[Records contained in a dataset]
====

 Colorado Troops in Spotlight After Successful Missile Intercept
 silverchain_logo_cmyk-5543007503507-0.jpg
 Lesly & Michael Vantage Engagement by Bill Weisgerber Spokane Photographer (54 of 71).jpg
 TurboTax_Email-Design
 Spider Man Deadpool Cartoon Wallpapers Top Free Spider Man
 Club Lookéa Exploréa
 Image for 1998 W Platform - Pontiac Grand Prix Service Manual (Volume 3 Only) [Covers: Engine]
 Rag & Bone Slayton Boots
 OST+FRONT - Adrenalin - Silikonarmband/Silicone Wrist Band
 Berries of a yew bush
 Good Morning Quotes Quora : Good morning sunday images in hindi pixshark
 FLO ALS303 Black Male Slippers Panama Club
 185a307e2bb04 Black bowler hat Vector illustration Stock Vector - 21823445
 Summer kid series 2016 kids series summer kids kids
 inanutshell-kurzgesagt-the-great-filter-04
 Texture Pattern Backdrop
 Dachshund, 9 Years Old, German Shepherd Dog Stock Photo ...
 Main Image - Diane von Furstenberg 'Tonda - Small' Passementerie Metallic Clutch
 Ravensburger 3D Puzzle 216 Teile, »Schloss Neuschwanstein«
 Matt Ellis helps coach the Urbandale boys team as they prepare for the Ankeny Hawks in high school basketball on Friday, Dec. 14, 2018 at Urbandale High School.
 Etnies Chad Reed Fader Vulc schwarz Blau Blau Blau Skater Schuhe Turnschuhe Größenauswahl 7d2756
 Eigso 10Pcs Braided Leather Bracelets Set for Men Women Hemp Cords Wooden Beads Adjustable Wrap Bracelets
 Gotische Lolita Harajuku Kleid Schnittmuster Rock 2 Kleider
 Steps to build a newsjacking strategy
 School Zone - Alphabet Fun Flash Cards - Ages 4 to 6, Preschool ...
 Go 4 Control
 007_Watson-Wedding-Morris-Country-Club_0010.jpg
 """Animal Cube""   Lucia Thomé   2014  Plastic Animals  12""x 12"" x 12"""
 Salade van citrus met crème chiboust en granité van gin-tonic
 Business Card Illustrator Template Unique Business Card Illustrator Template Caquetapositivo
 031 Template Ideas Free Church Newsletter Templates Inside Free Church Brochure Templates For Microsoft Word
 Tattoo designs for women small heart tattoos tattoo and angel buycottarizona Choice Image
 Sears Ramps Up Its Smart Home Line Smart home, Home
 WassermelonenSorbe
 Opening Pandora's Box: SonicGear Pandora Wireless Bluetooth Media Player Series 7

====

**EXERCISE OBJECTIVE**.
Transcribe the lines above between the line holding "007_Watson-Wedding-Morris-Country-Club_0010.jpg" and the line holding "Tattoo designs for", inclusive, exactly as they stand and with nothing added.

**EXERCISE ANSWER**.
 007_Watson-Wedding-Morris-Country-Club_0010.jpg
 """Animal Cube""   Lucia Thomé   2014  Plastic Animals  12""x 12"" x 12"""
 Salade van citrus met crème chiboust en granité van gin-tonic
 Business Card Illustrator Template Unique Business Card Illustrator Template Caquetapositivo
 031 Template Ideas Free Church Newsletter Templates Inside Free Church Brochure Templates For Microsoft Word
 Tattoo designs for women small heart tattoos tattoo and angel buycottarizona Choice Image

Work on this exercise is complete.